- Data
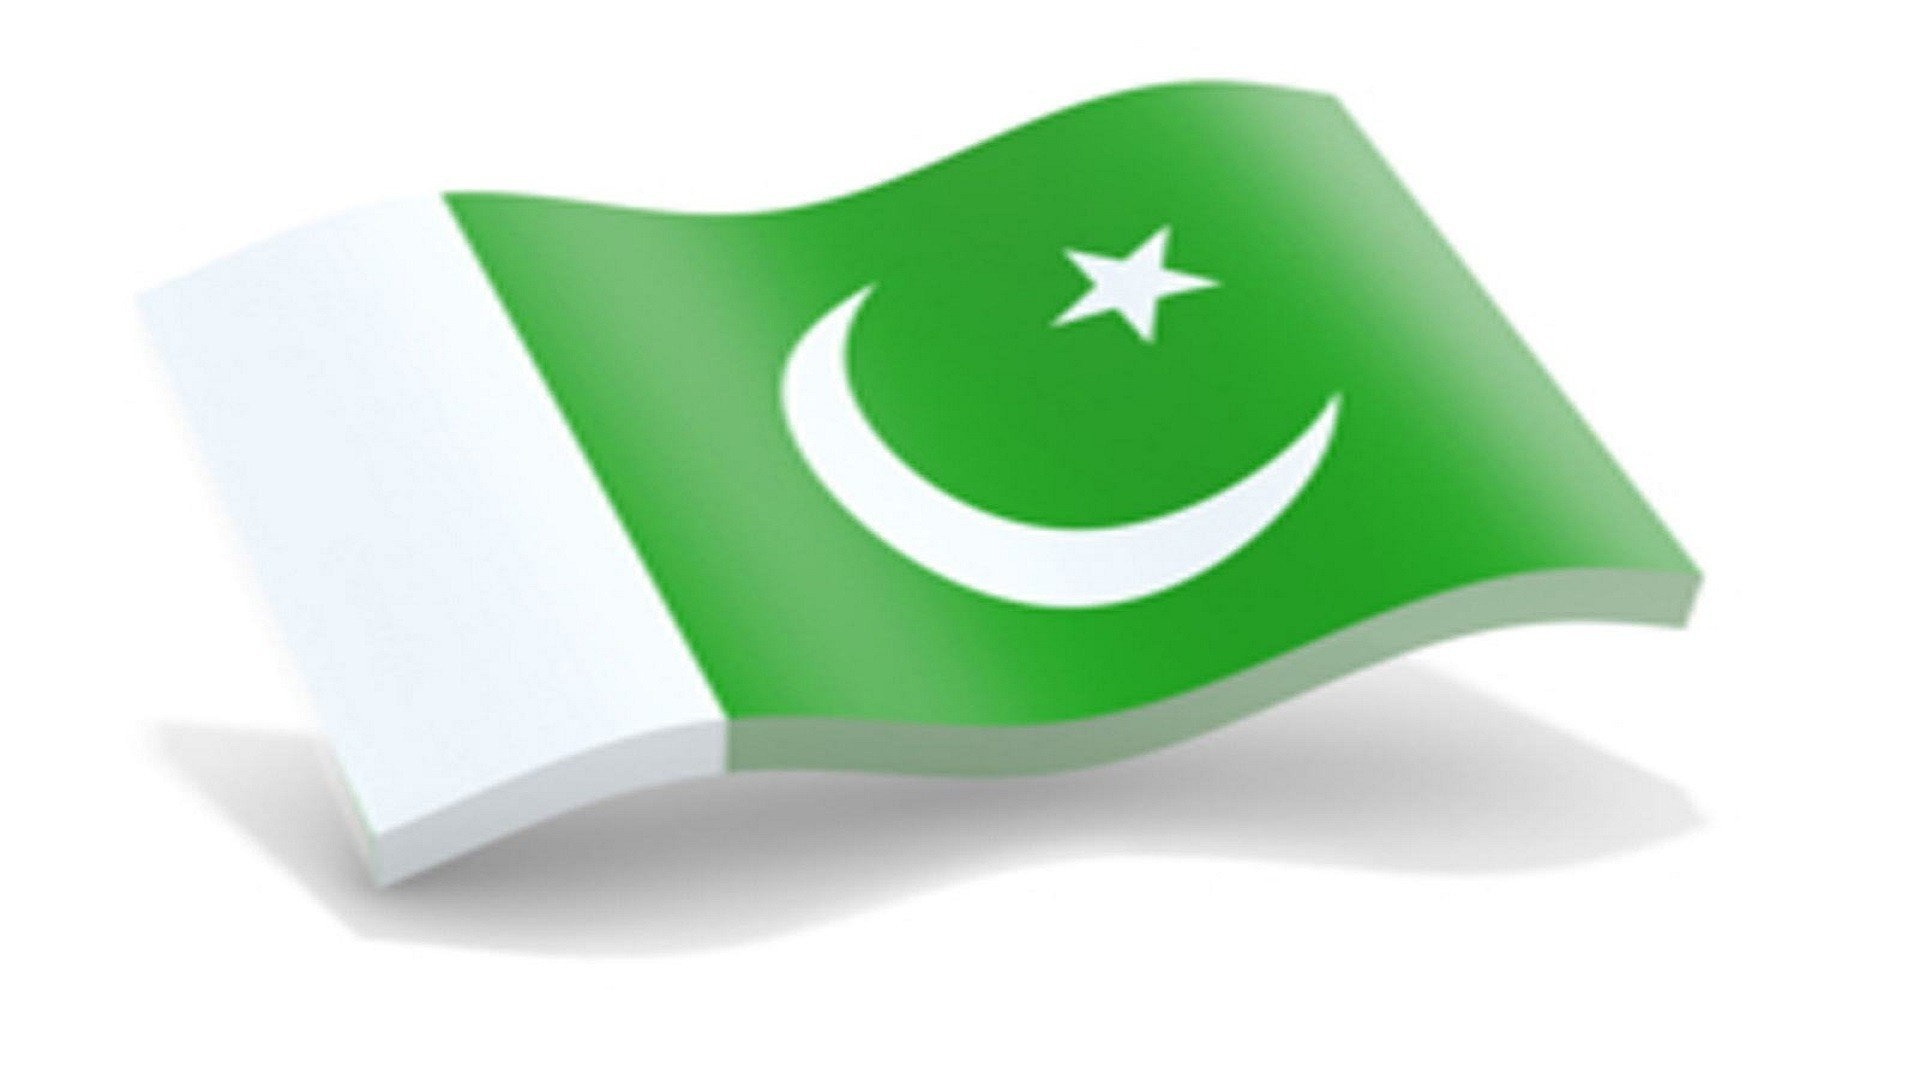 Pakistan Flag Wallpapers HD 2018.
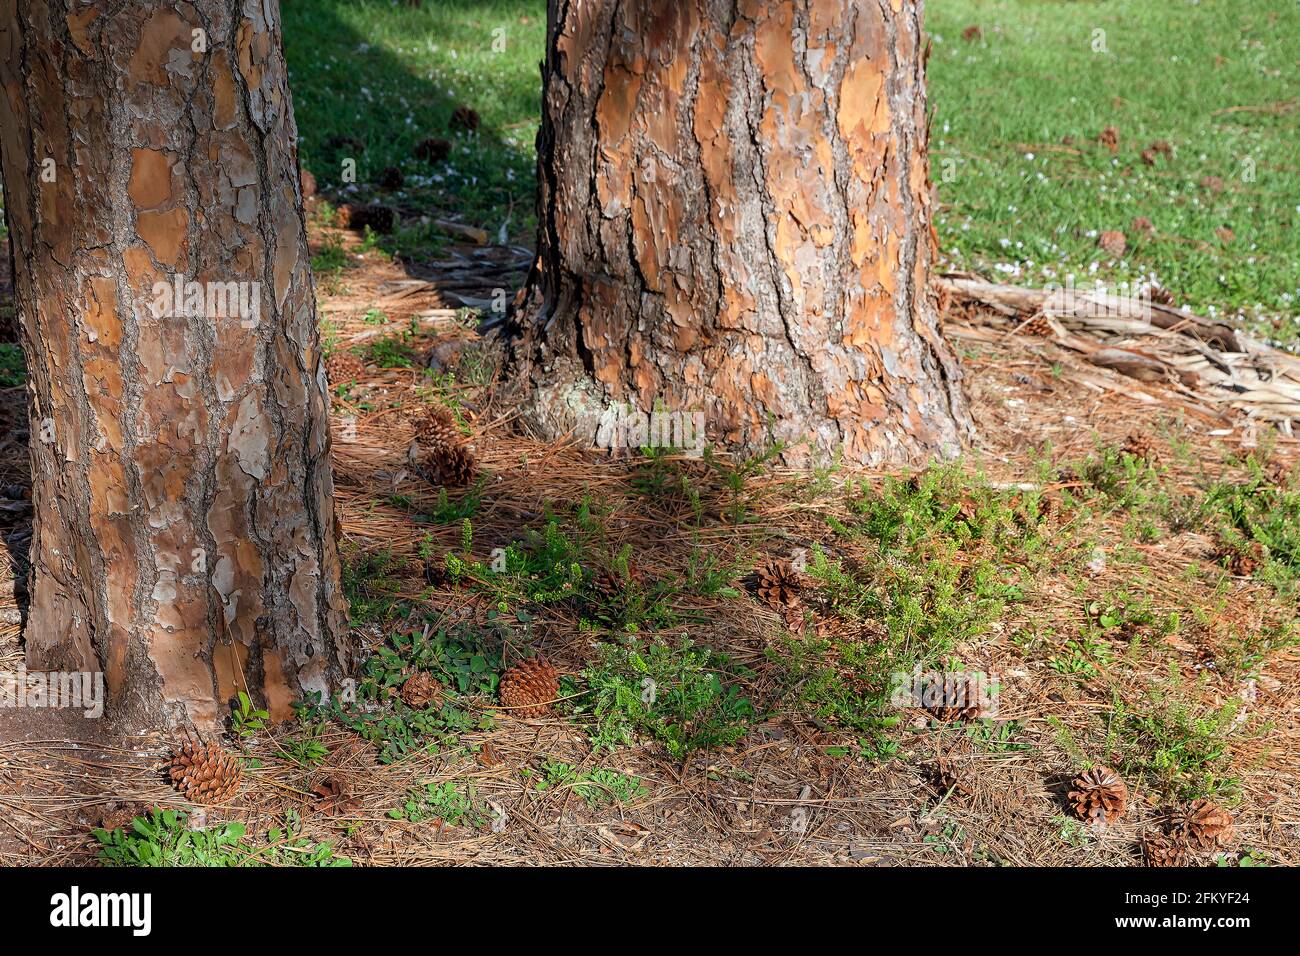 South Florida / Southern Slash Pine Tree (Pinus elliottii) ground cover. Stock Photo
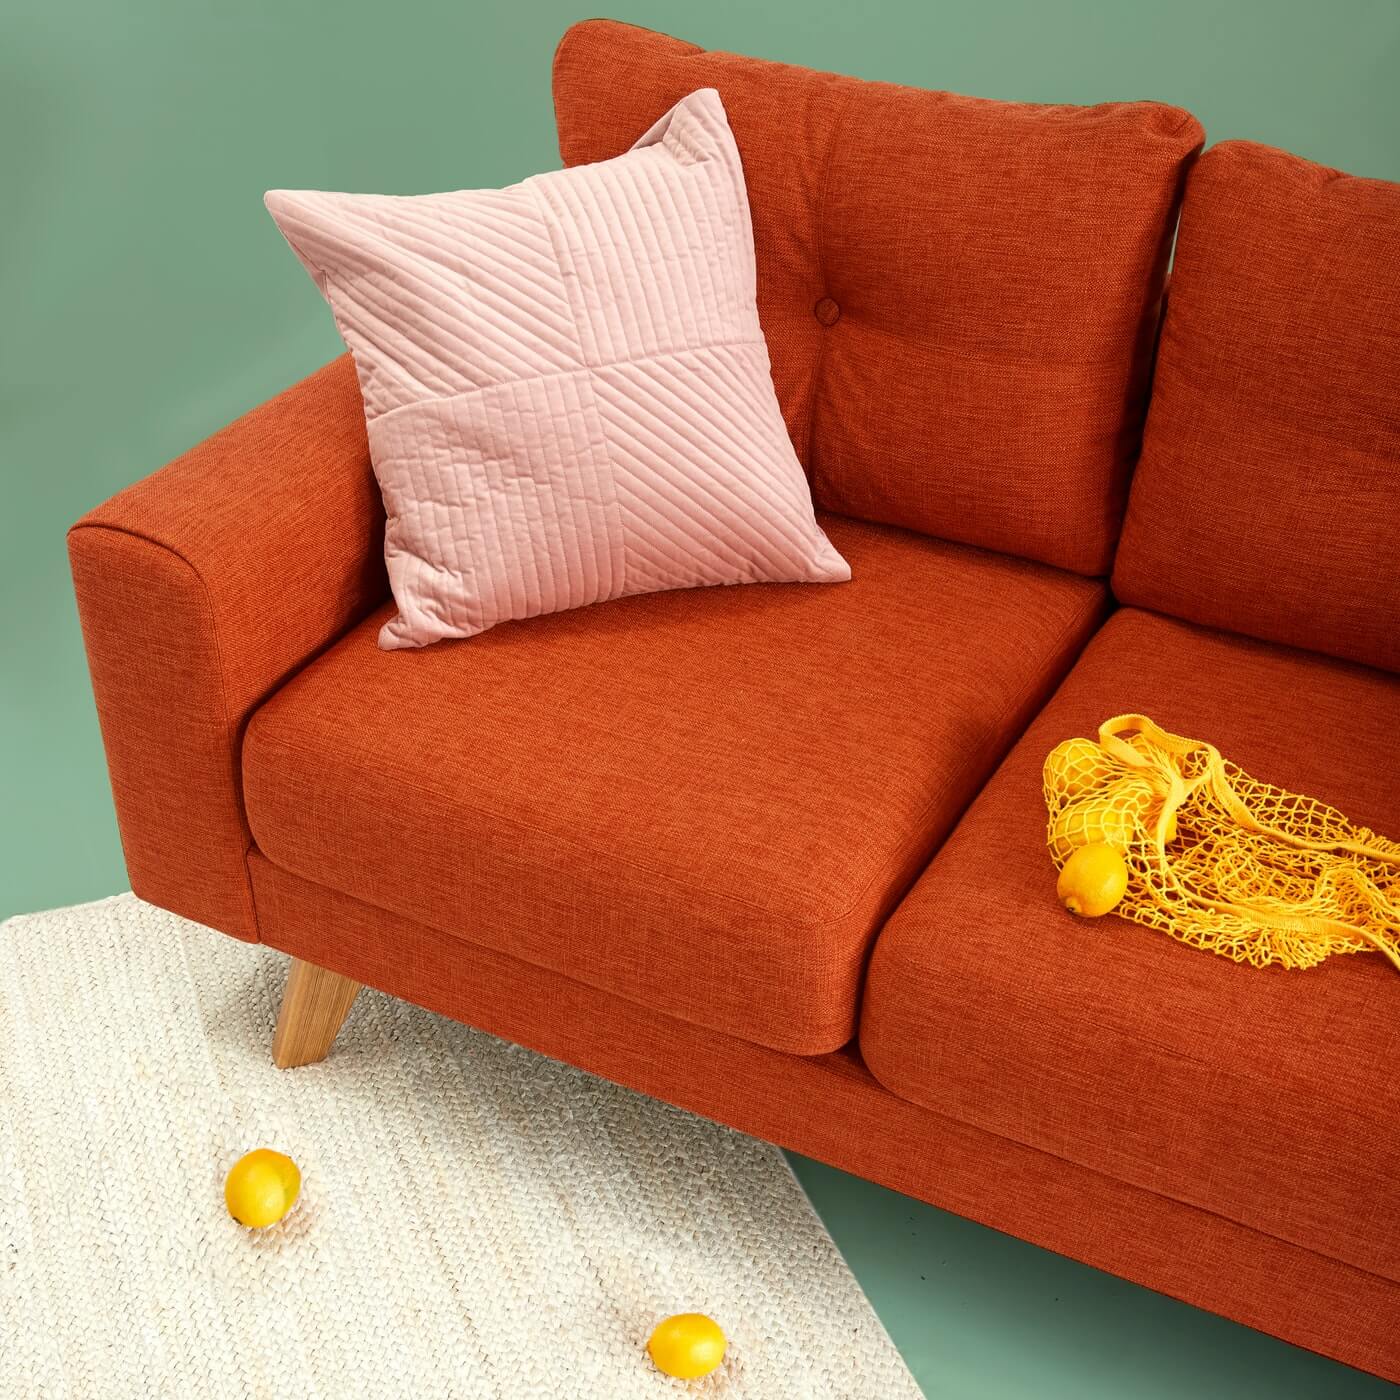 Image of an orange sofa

- Problem description
The response should restate the material above word for word and contain no pictures.

- Result of this task
 Pakistan Flag Wallpapers HD 2018.
 South Florida / Southern Slash Pine Tree (Pinus elliottii) ground cover. Stock Photo
 Image of an orange sofa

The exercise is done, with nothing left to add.